A pair of left and right rail portions 50a are provided on the upper surface of the battery pack 50. Although not visible in the figure, a terminal receiving portion for inserting the positive and negative power supply terminals is provided between the left and right rail portions 50a. The battery pack 50 can be attached to the battery mounting portion 42 by sliding the battery pack 50 from the rear to the front with respect to the battery mounting portion 42. When the battery pack 50 is attached to the battery attachment portion 42, the electric power can be supplied to the tool body portion 10 side. As shown in the figure, the battery pack 50 is mounted in a suspended state in which the upper surface thereof is coupled along the battery mounting portion 42. The lower surface of the battery pack 50 attached as shown in FIG. 1 is in a state corresponding to the lower surface of the pedestal portion 45. The work tool 1 can be installed in an upright state by grounding the lower surface of the battery pack 50 and the lower surface of the pedestal portion 45 to the installation surface. Since the relatively heavy battery pack 50 can function as a part of the pedestal portion, the work tool 1 can be installed in a more stable posture.

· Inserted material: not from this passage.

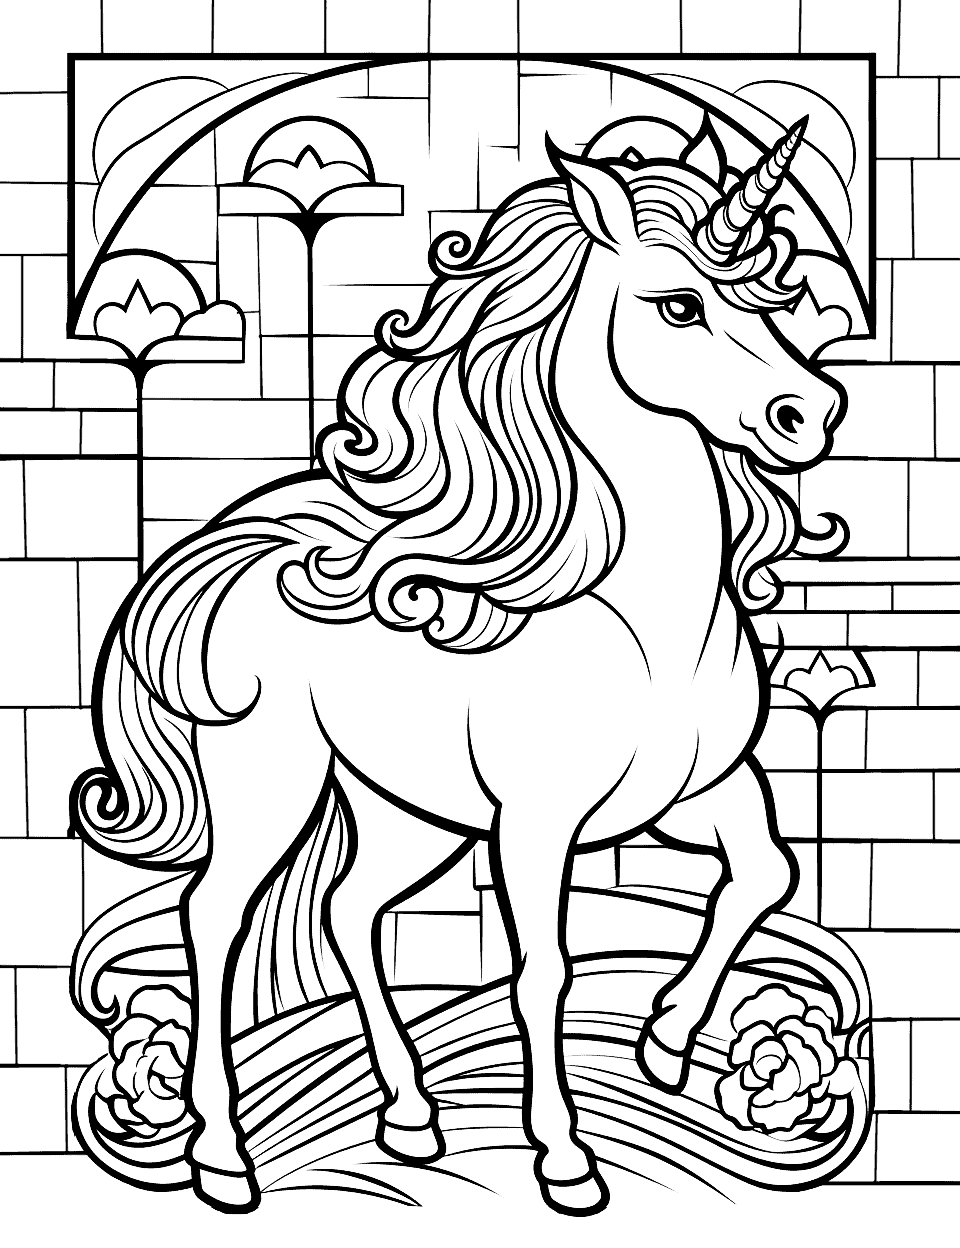 Unicorn Stained Glass Window Coloring Page - A unicorn standing next to a stained glass window with vibrant colors and intricate patterns.

A controller formed by resin-molding a control board 46a mainly for controlling the operation of the electric motor 11 in a shallow aluminum case above the battery mounting portion 42 and above the pedestal portion 45. 46 is housed. The controller 46 has a flat plate shape, and is held in a horizontal posture in which the plate thickness direction is along the vertical direction and the longitudinal direction thereof is along the battery mounting direction. The controller 46 is cooled by the outside air introduced by the rotation of the cooling fan 11c of the electric motor 11.

A luminaire 47 is provided on the front surface of the pedestal portion 45. The illuminating tool 47 brightly illuminates the machined portion in the vicinity of the front end portion of the tool body portion 10 so that the work in a dark place can be efficiently performed.

The power adapter 60 can be attached to the battery attachment portion 42 in place of the battery pack 50 described above. The power adapter 60 has a substantially rectangular parallelepiped shape having a hexahedron of the battery pack 50 as well. The upper surface of the power adapter 60 is provided with a pair of left and right rail portions 60c and positive and negative power terminal receiving portions (not visible in the figure). Similar to the battery pack 50, the power adapter 60 can be attached to the battery mounting portion 42 in a suspended state by sliding the power adapter 60 from the rear to the front with respect to the battery mounting portion 42. When the power adapter 60 is mechanically attached to the battery mounting portion 42 mainly by the left and right rail portions 60c, the power terminal on the battery mounting portion 42 side is inserted into the positive and negative power terminal receiving portions and is electrically connected. Will be. As described above, the power adapter 60 has the same configuration as the battery pack 50 in terms of the mechanical coupling structure to the battery mounting portion 42 or the electrical connection structure for power supply.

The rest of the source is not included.